Stupid SNMP trap design worked around in OpenNMS

Not too long ago, I was tasked to implement notifications triggered by SNMP traps sent to OpenNMS from a telephone system. Every time I had to do a task like this I felt like it was more or less a pain in the ass, but this thing was definitely the worst …

In addition to the actual telephone business, the device also was connected to a bunch of electrical contacts in doors, smoke and water detectors and the like so it could send traps for those kinds of events, too.

The MIB for the device implemented exactly 2 traps (read: two), a so called “spontaneous alarm” and a “q3 alarm”. The spontaneous alarm was triggered whenever one of the electrical contacts disconnected or connected and the q3 was for telephone business not working as expected.
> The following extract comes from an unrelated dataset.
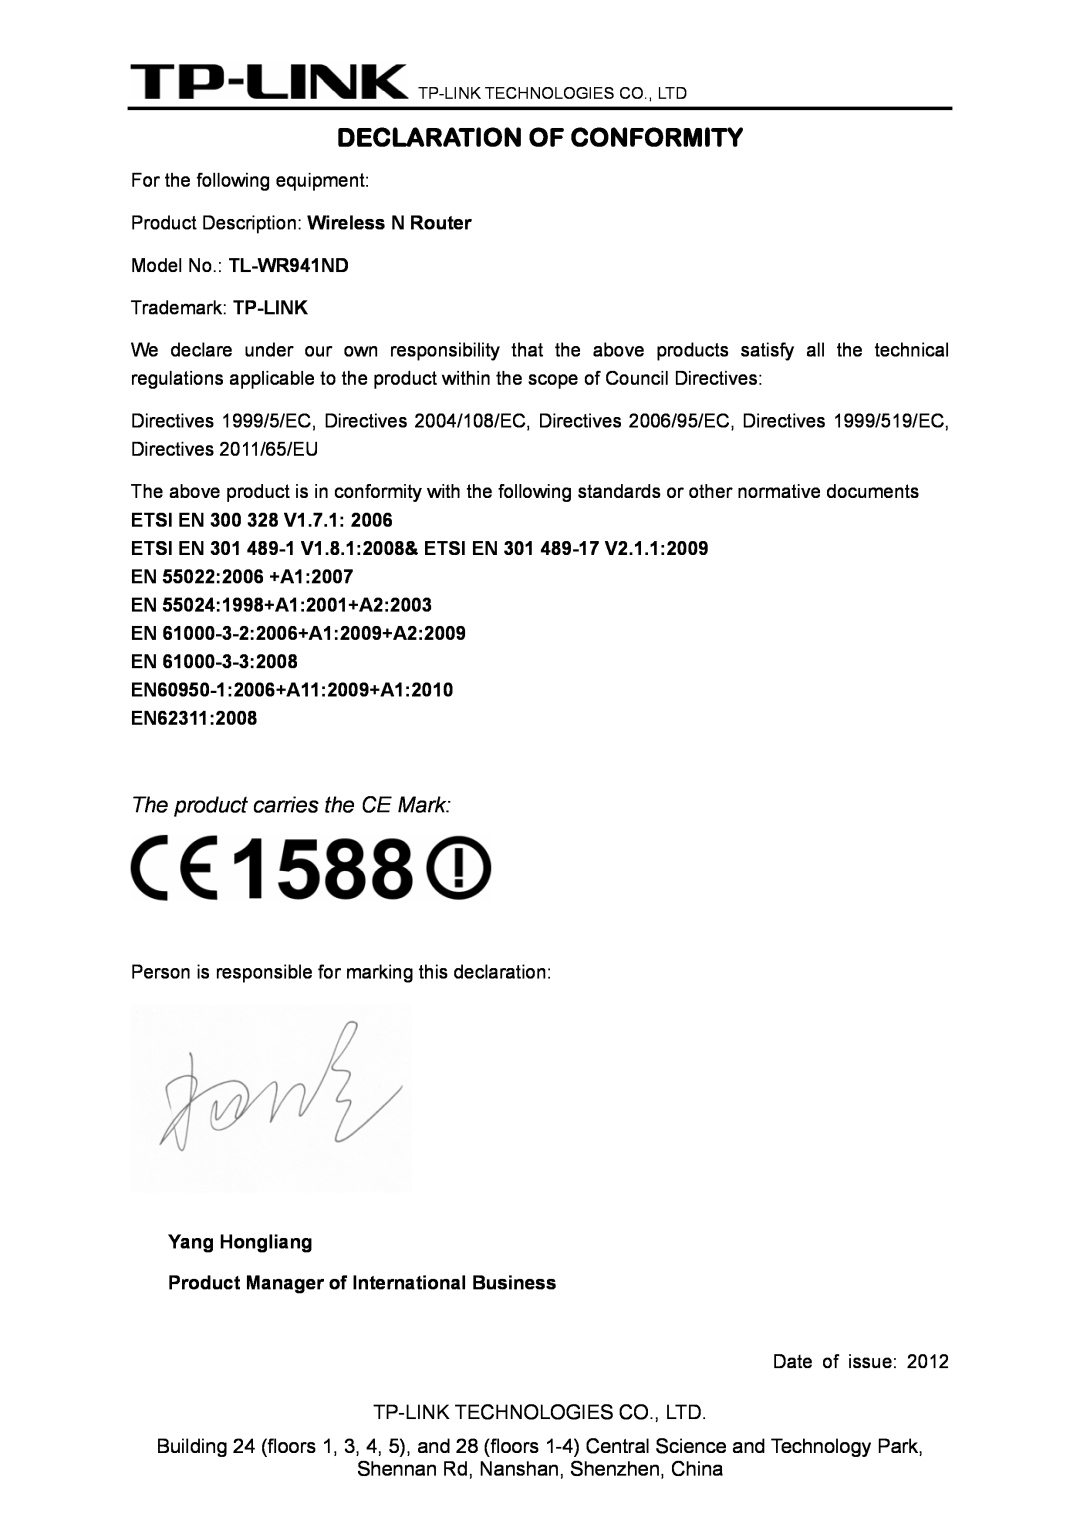 TP-Link TL-WR941ND manual Declaration Of Conformity, ETSI EN 300 328 V1.7.1, EN60950-12006+A112009+A12010 EN623112008

Each trap had a parameter indicating the severity, a couple of parameters holding information about the actual event the device wanted to inform about and one parameter holding an ever increasing device-internal notificationId.

The problem was, the exact same spontaneous alarm trap OID could indicate a resolved minor event like an open door to the storage room or a new hazardous event like fire in the server room.

So the first task was to decide whether a trap held a “problem” or an “ok”. This was rather easyily done by configuring a varbind filter on the severity parameter like

<varbind>
<vbnumber>4</vbnumber>
<vbvalue>~[01234]</vbvalue>
</varbind> 

for the “problem” events and

<varbind>
<vbnumber>4</vbnumber>
<vbvalue>5</vbvalue>
</varbind> 

for the “ok” events.

Whether the trap corresponded to a minor or major event was only visible through a “line” parameter, which was also matchable with a varbind filter after I had received a list of what was connected to which line. There were like a dozen “minor” lines which could be implemented like this:

<varbind>
<vbnumber>9</vbnumber>
<vbvalue>~.*(A|B|C|D|E|F|G|H|I|J|K|L|M).*</vbvalue>
</varbind> 

Any other line than those meant that something serious was wrong. So there was one event definition with the varbind mentioned above and another one without it.

By now, from only 2 traps, we already have 6 events:

  1. spontaneousAlarmsMinor
  2. spontaneousAlarmsMinorOkay
  3. spontaneousAlarmsMajor
  4. spontaneousAlarmsMajorOkay
  5. q3Alarm
  6. q3AlarmOkay

Technically, the small number of electrical connector lines corresponding to minor events could have been split into individual events, but due to the fact that there were like a hundred other lines that were connected to some kind of considered “important” thingy, I wasn’t too keen on splitting it up any further. Plus: They tended to put new things there rather regularly, so there had to be something that catched any “line” and I decided to stick with these 6.

Here’s how they wanted OpenNMS to handle those events:

First step: Notifications … The spontaneous minor problems should be notified with a delay of 5 minutes, the spontaneous major problems and q3 problems should be notified immediately. This was achieved with the configuration of two different destination paths, one with a delay of 5m, one without delay.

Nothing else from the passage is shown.